Super simple stuff. To evaluate our multiplications and divisions before our additions and subtractions, we are going to alter the way our parser works. What we want to do is set up different precedence levels.

```
const precedence = {
'+': 2,
'-': 2,
'/': 3,
'*': 3
};
```

These precedence levels will let us know what order we must parse our expressions. Essentially we are going to use our operatorStack to hold expressions, and only pop off certain expressions when they have a higher precedence. This way, we will build our AST in a way the higher precedence expressions are added first, so they will be evaluated first. This will work well since we won't have to change the way our evaluation occurs; we are simply moving the higher precendence expressions up higher so we evaluate them first.

```
const parseAST = tokens => {
const outputQueue = createASTQueue();
const operatorStack = createASTStack();
tokens.forEach(({ type, value }) => {
if (type === 'literal') outputQueue.push({ value });
if (type === 'operator') {
while(operatorStack.length && precedence[operatorStack.peek().value] >= precedence[value]) {
const op = operatorStack.pop();
outputQueue.addNode(op);
}
operatorStack.push({ type, value });
}
});
while(operatorStack.length) {
const op = operatorStack.pop();
outputQueue.addNode(op);
}
return outputQueue.pop();
}
```

The only real difference here is that we now peek at the operator stack and compare the values precedence with our current values precedence. While there are items with a higher precedence on the stack, pop them off and add them to our ouput queue. When that's done, push our current item on the stack. This is how we are going to evaluate our higher precendence expressions first; by putting them into the output queue earlier! The last bit is to clear out the output queue before the function is completed.

```
console.log(JSON.stringify(parseAST(tokenize('1 + 1 / 2 * 8 + 1')), null, 2))
// logs out:
{
"value": "+",
"left": {
"value": "+",
"left": {
"value": "1"
},
"right": {
"value": "*",
"left": {
"value": "/",
"left": {
"value": "1"
},
"right": {
"value": "2"
}
},
"right": {
"value": "8"
}
}
},
"right": {
"value": "1"
}
}
```

If you think about how this will get evaluated, you can see how our higher precedent expressions come first. They are deeper down the tree, and since that is where wembring values up from first those will be the first ones we get to.

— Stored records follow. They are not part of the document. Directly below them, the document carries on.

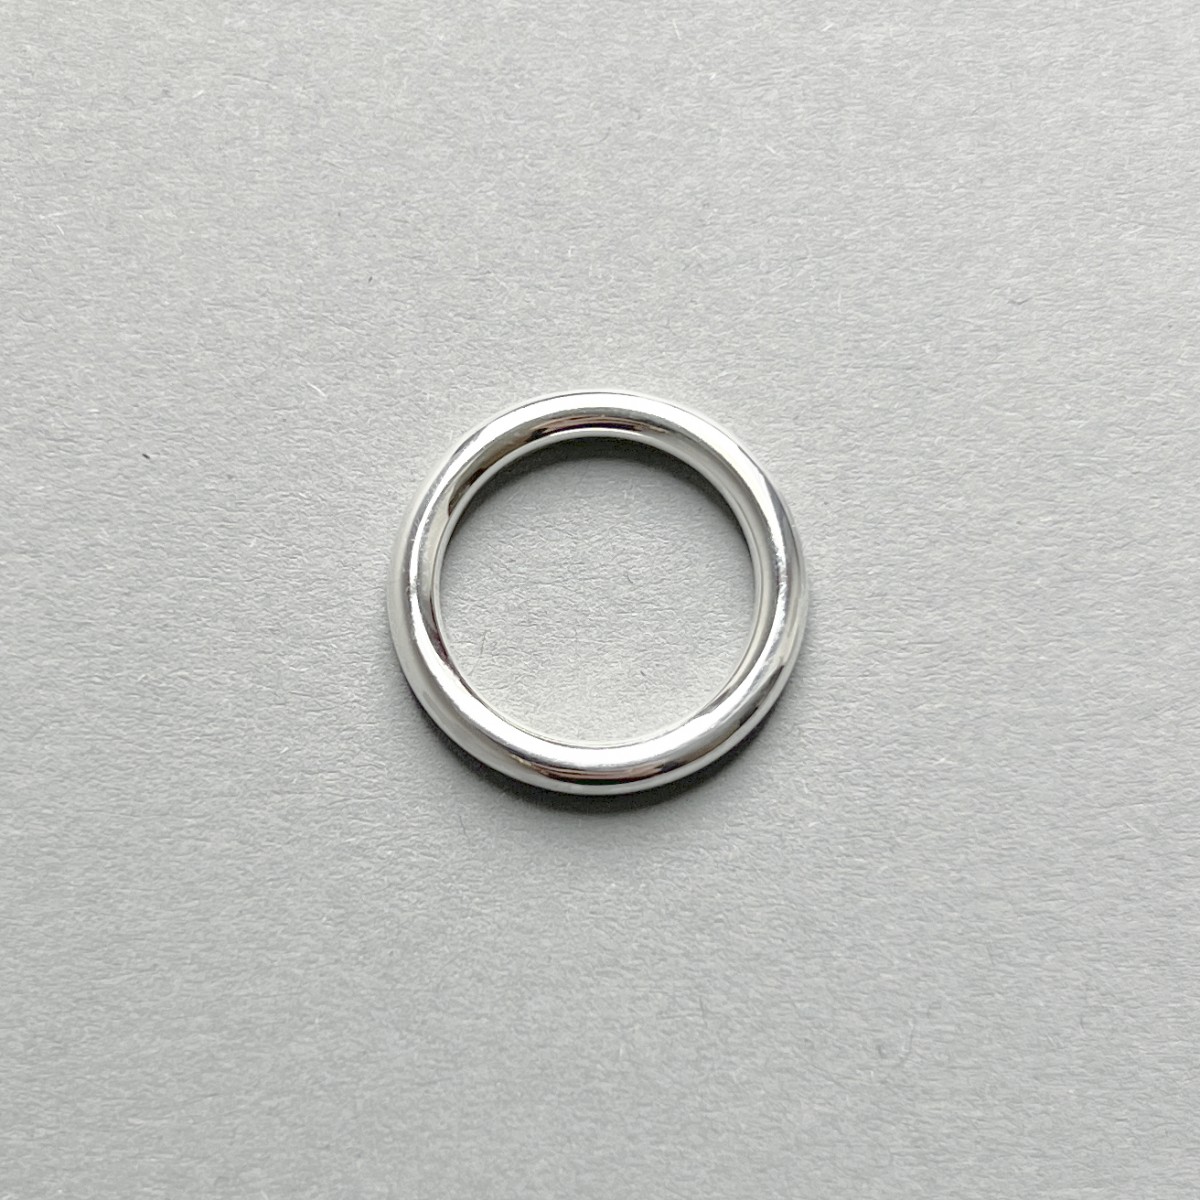 Teresa Gruber Ring "solid" 925 Silber
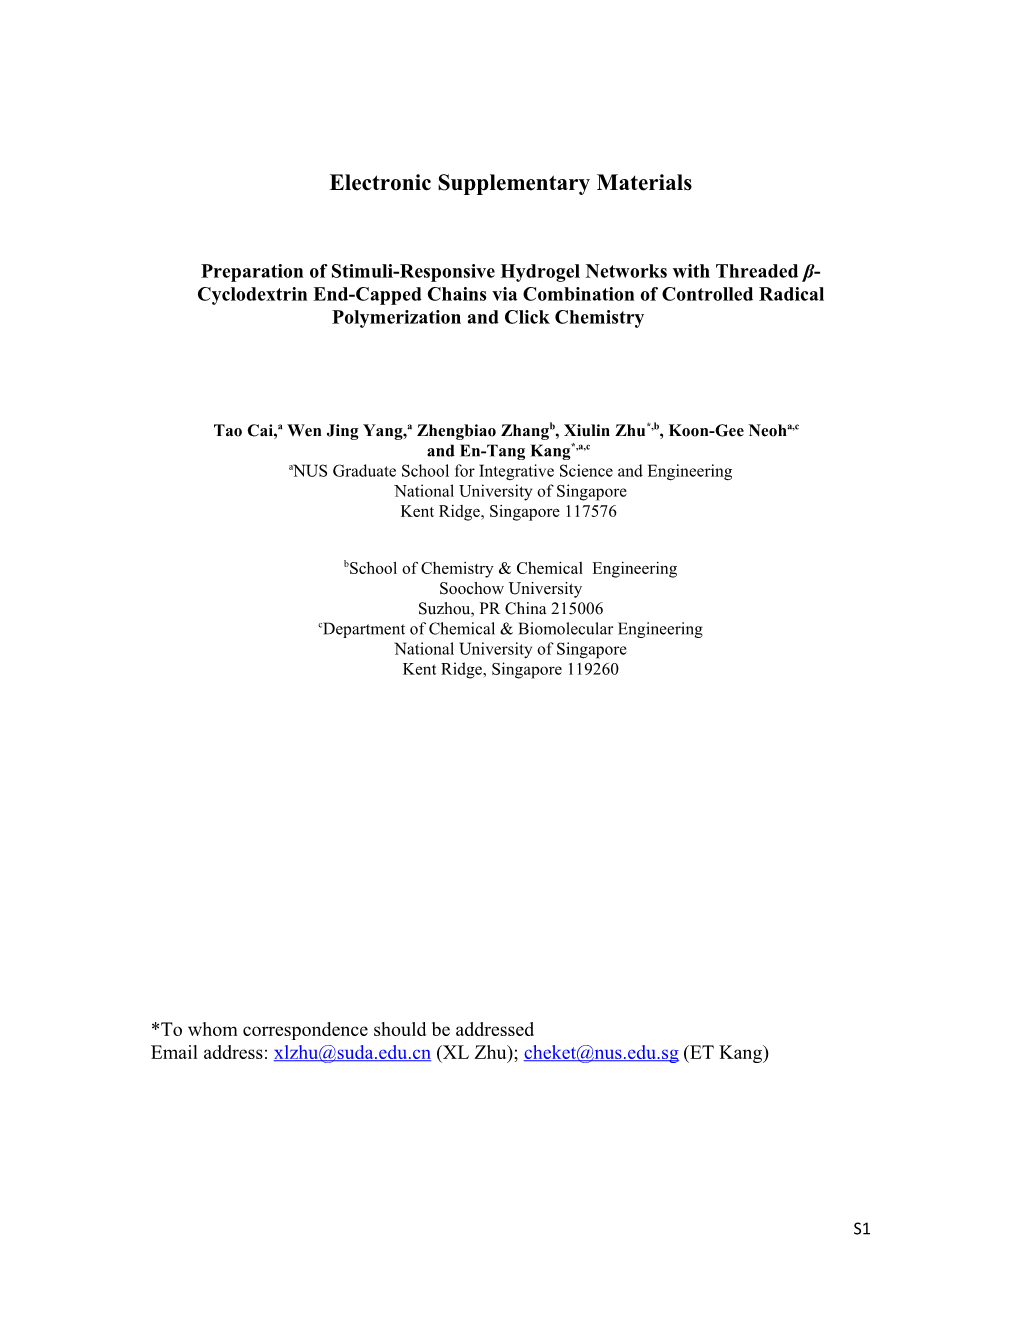 Electronic Supplementarymaterials
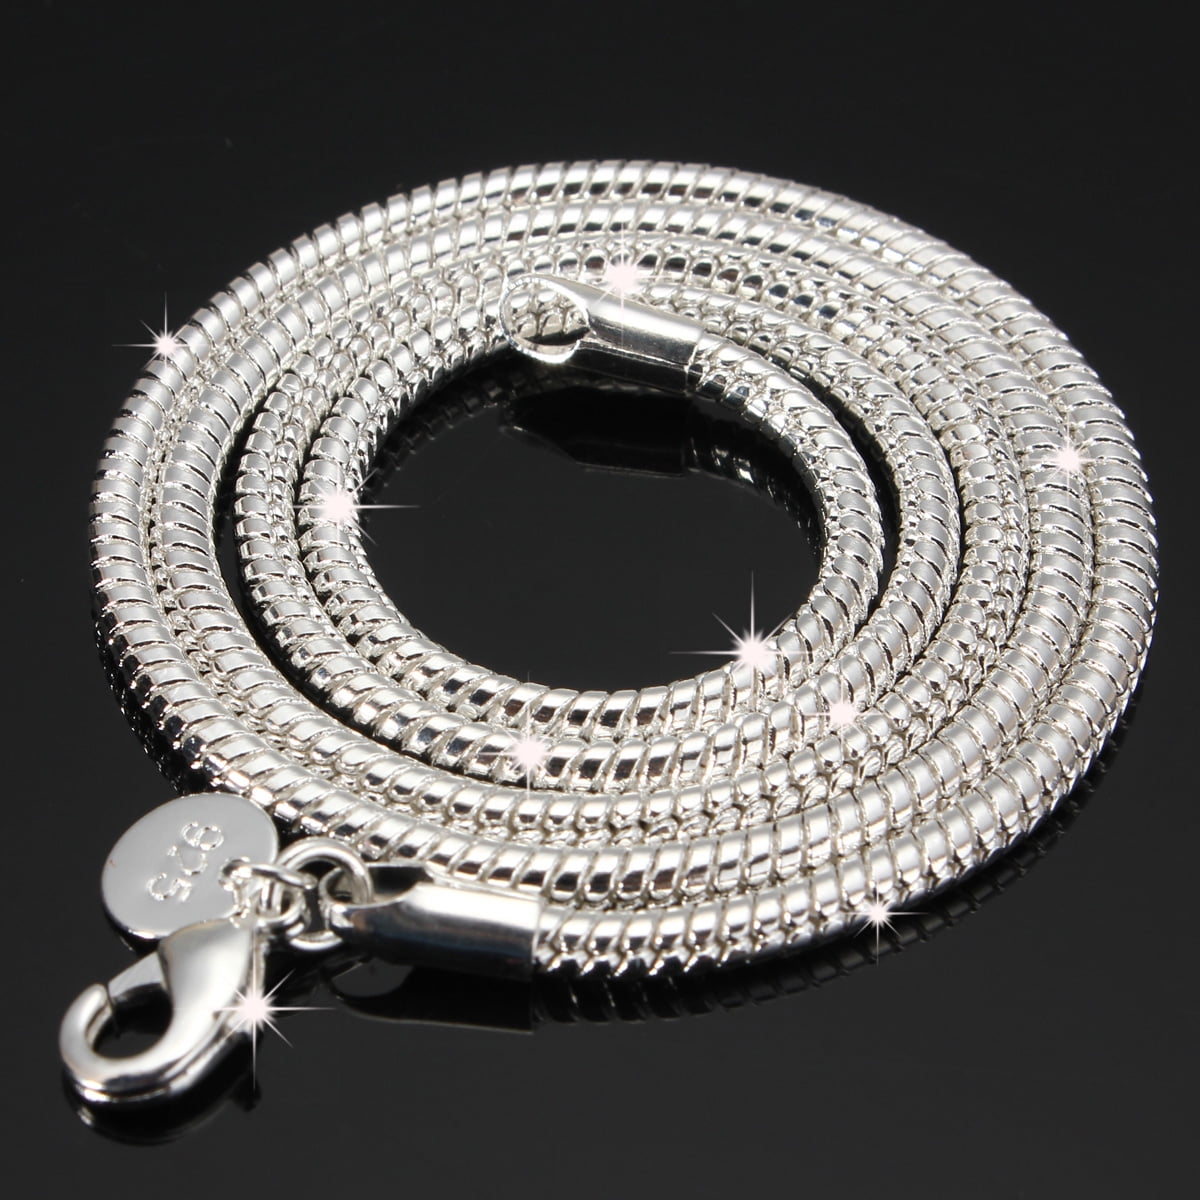 3mm 18K Gold Plated Sterling Silver 925 Italian SNAKE Chain Necklace Bracelet 
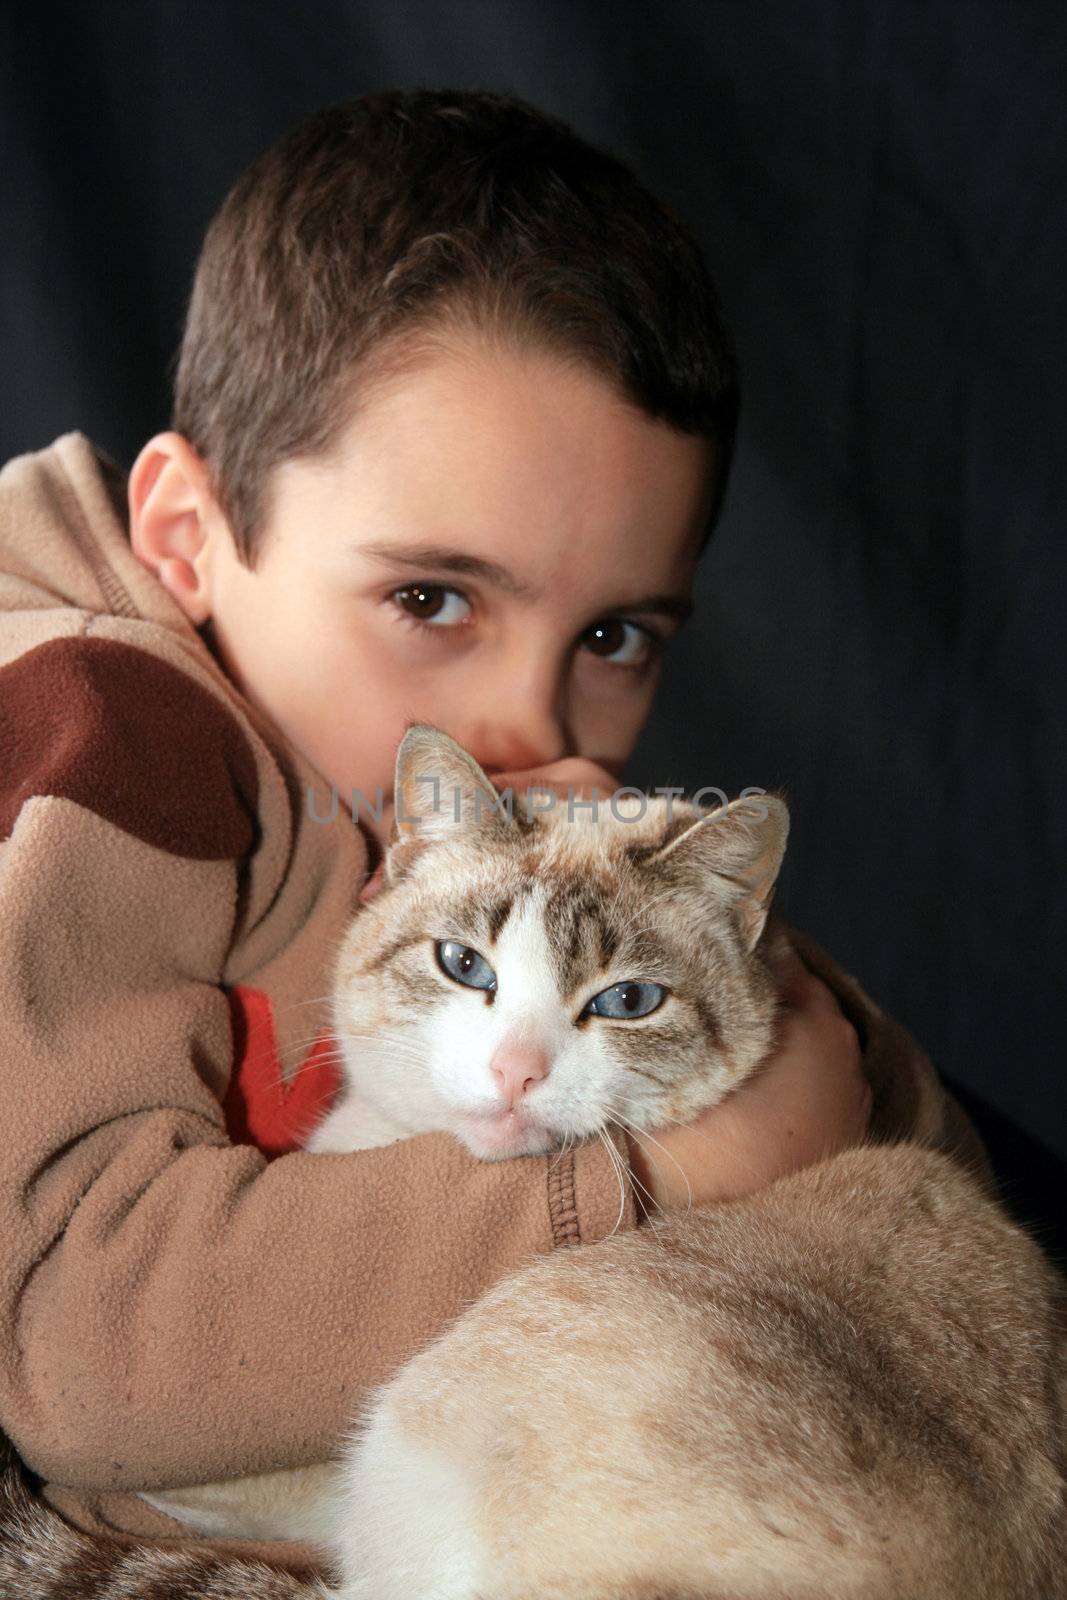 boy with cat by jpcasais
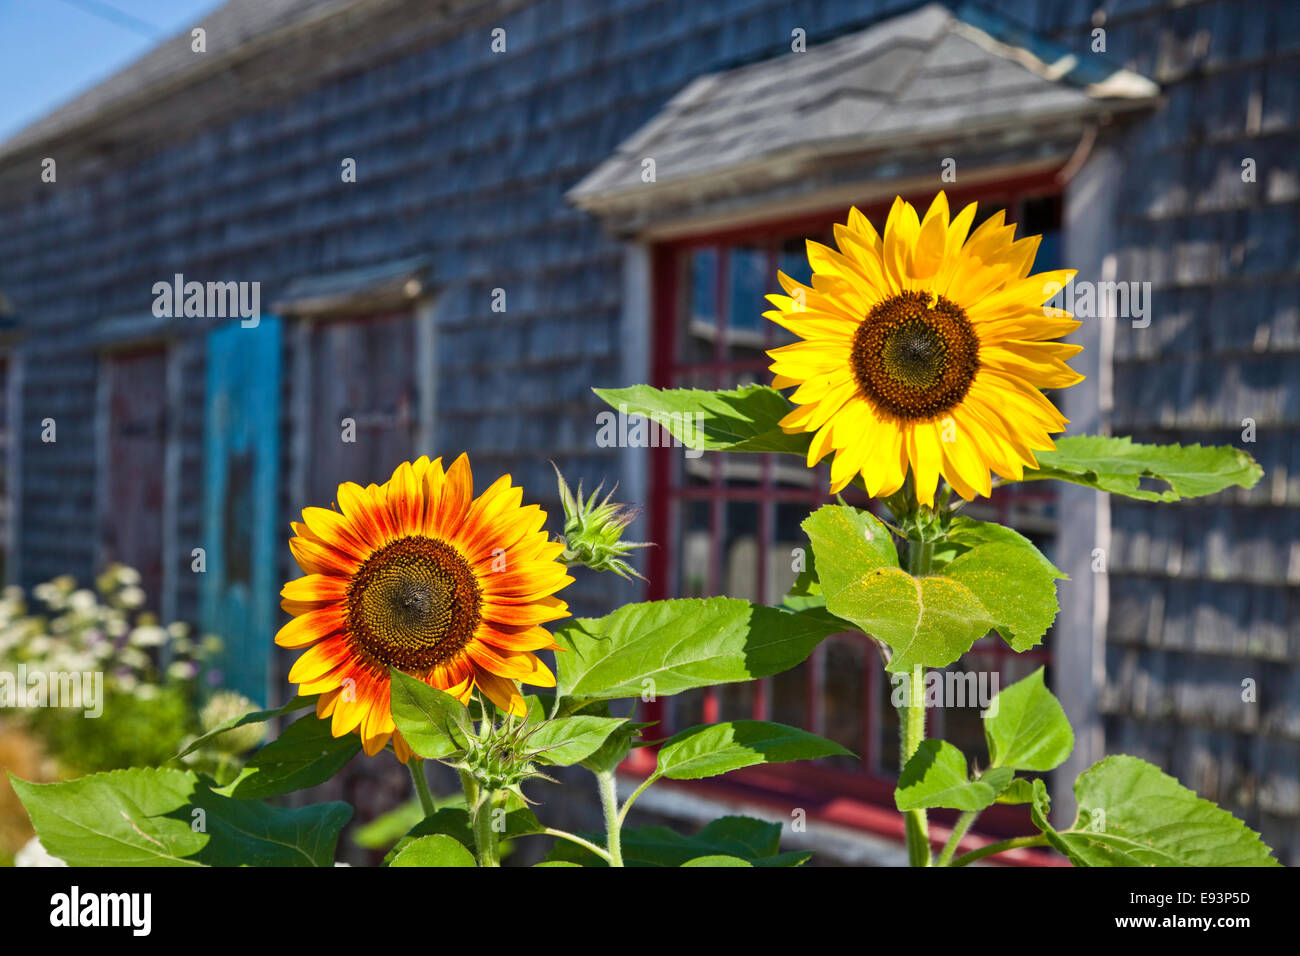 Sunflowers outside the Frying Pan Gallery in Wellfleet Stock Photo

Notice how both of our + 1 expressions appear at the top of the tree, however they are on opposite ends of the expression we originally entered. Looks like its working well!

All we need is a slight change to our evaluator to account for our new operators and we are good to go.

```
const ops = {
'+': (...ops) => ops.reduce((acc, cur) => acc + cur),
'-': (...ops) => ops.reduce((acc, cur) => acc - cur),
'/': (...ops) => ops.reduce((acc, cur) => acc / cur),
'*': (...ops) => ops.reduce((acc, cur) => acc * cur),
};
```

That's the only change we need for this step, everything else about evaluation is the same. That's what is so nice about changing our parser to arrange things differently, that way we don't need to touch our evaluation code at all. When we run this.

```
console.log(evaluate(parseAST(tokenize('1 + 1 / 2 * 8 + 1')))) // 6
```

We start with 1 / 2 = .5, .5 * 8 = 4, 4 + 1 = 5, 1 + 5 = 6! If we hadn't implemented orders of operations, we would get 1 + 1 = 2, 2 / 2 = 1, 1 * 8 = 8, 8 + 1 = 9. It's working great! Now there are a lot of different directions you could go if you wanted to build on this. Adding in exponent, parenthesis, and functions are all great choices! Overall I hoped you enjoyed reading through my series, it was a lot of fun to write and feel like I have a great handle on how this stuff works now.